What We Learned About AI in Venues (From the industry who’s using It)
Published: July 1, 2026
Marketing - 55% increase in engagement + 10+ hours saved per week.
Customer experience - 160k unique guest comments analyzed, 30 mins from event to insights
Development - 104 pull requests per month in 2025–> 449 in 2026
Two weeks back I headed down to Adelaide for our second year as the Asia-Pacific Industry Venue Congress. I was lucky enough to host a panel with Stefanos VP of Digital Technology at Live Nation, Director of Customer Experience Kat from Melbourne Park, and VP of Product Management Chris from 24/7 Software.
It was unreal to run over how a major promoter, venues and a software company were using AI. All in very different ways but with real results.
The personalization-at-scale problem is basically solved
Stefanos walked us through how Live Nation has moved parts of marketing into automation including tour announcement campaigns end-to-end, audience curation, imagery, copy, SMS personalization. The result were incredible, 55% lift in fan engagement, driven by higher-intent targeting rather than blasting wider.
What that means in practice: marketers aren’t writing individual messages anymore. They’re setting strategy, reviewing outputs, and letting AI handle the execution. It’s not replacing creativity, it’s freeing people up for creativity.
The feedback loop is the real unlock
Kat’s team at Melbourne Park have transformed what they call “Voice of Customer”, basically all the feedback that comes in after events, from a slow, manual process into something genuinely real-time.
We’re talking 160,000+ verbatims being analysed with automated emotion and topic tagging.
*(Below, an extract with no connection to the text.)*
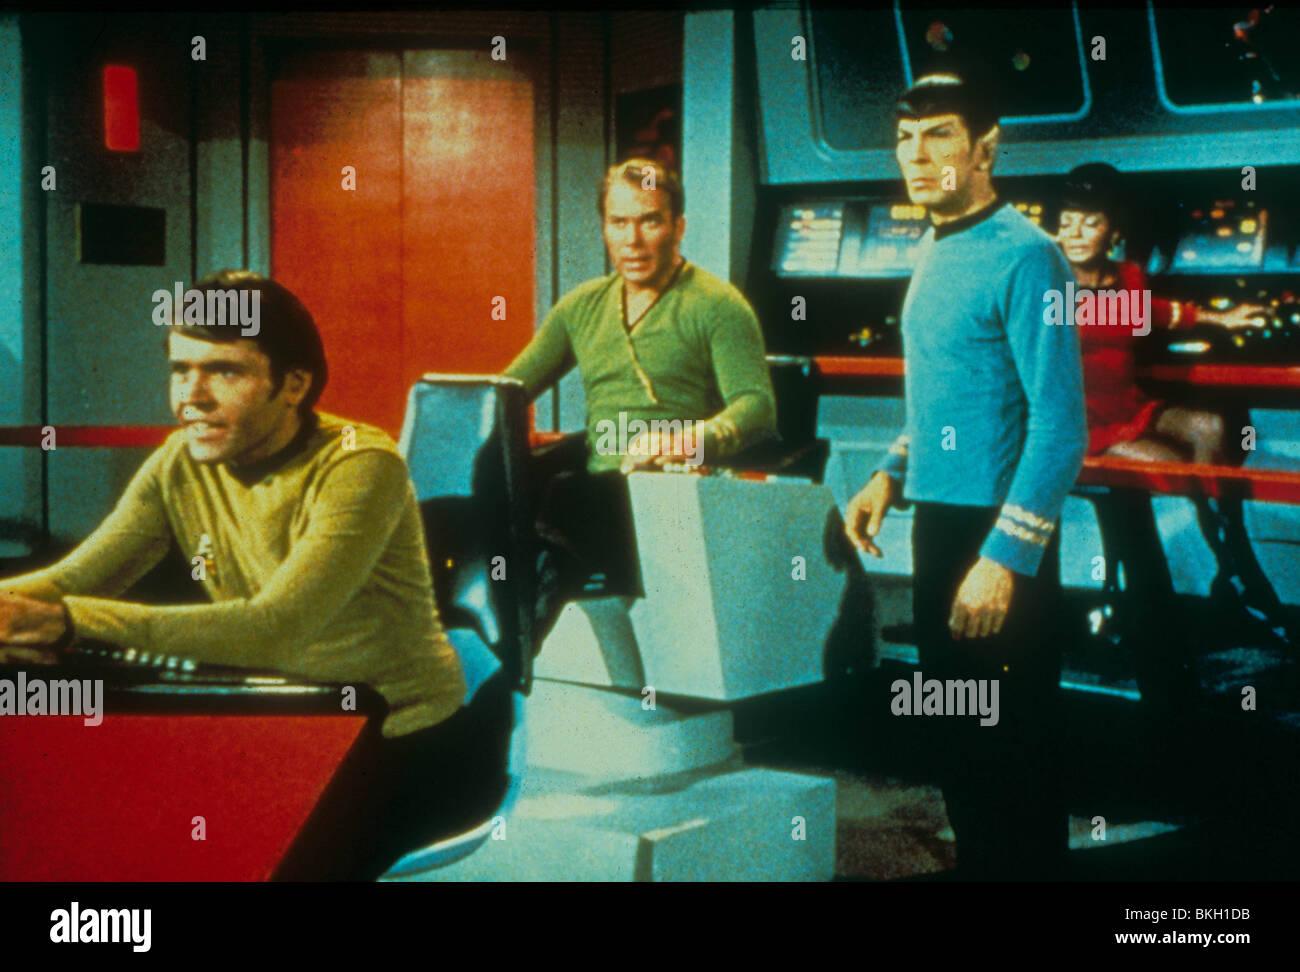 STAR TREK (TV) WALTER KOENIG, WILLIAM SHATNER, LEONARD NIMOY, NICHELLE NICHOLS STK 058 - Stock Image

What used to take two people a week now takes minutes, with 50 staff accessing insights shortly after an event closes.
The operational applications are immediate: if something isn’t working in hospitality during a show run, you know about it fast enough to fix it before the next one. And over time, these insights are informing capital decisions too, seating configurations, cup holders, handrails. Small things that matter to real people.
The teams CSAT scores are improving per event, such is the speed of the adjustments they are making from customer feedback.
The “just ship it” approach to AI features
Chris’s dev team at 24/7 Software have more than tripled their development speed (104 PR’s —> 449 per month) while reducing new feature development from months to weeks.
The challenge has been around getting customer to use their new AI products but the message Chris shared to change it is simple. Stop talking about AI and just share the impact with your customers.
The stuff the audience asked…
What are the guardrails? Consent management, performance dashboards, human review on anything that moves the metrics in unexpected directions. Prompt tuning every few days. Not “set and forget” — active maintenance.
What does this actually cost? Usage-based AI cost models can, without careful scoping, end up exceeding the cost of human labour. The panellists were candid: you need to measure carefully and tie spend directly to outcomes, otherwise you’re just burning money with extra steps.
Who gets left behind? Both staff and audiences. Tools need to be fast, intuitive, and designed in the language your customers actually use — not your internal taxonomy. Onboarding in five minutes or it won’t stick.
The takeaways
AI in live entertainment and venue operations isn’t magic. It’s also not irrelevant hype. It’s a set of genuinely useful tools that, when applied to the right problems with proper architecture and human oversight, compress timelines, improve decisions, and make fans feel more seen.
The organisations pulling ahead are the ones who picked specific outcomes first, then chose the technology to match. Not the other way around.
That’s the frame I’ll keep bringing to this work through CAST, connecting the people building these tools with the organisations who need them, and cutting through the noise to find what will actually make a difference.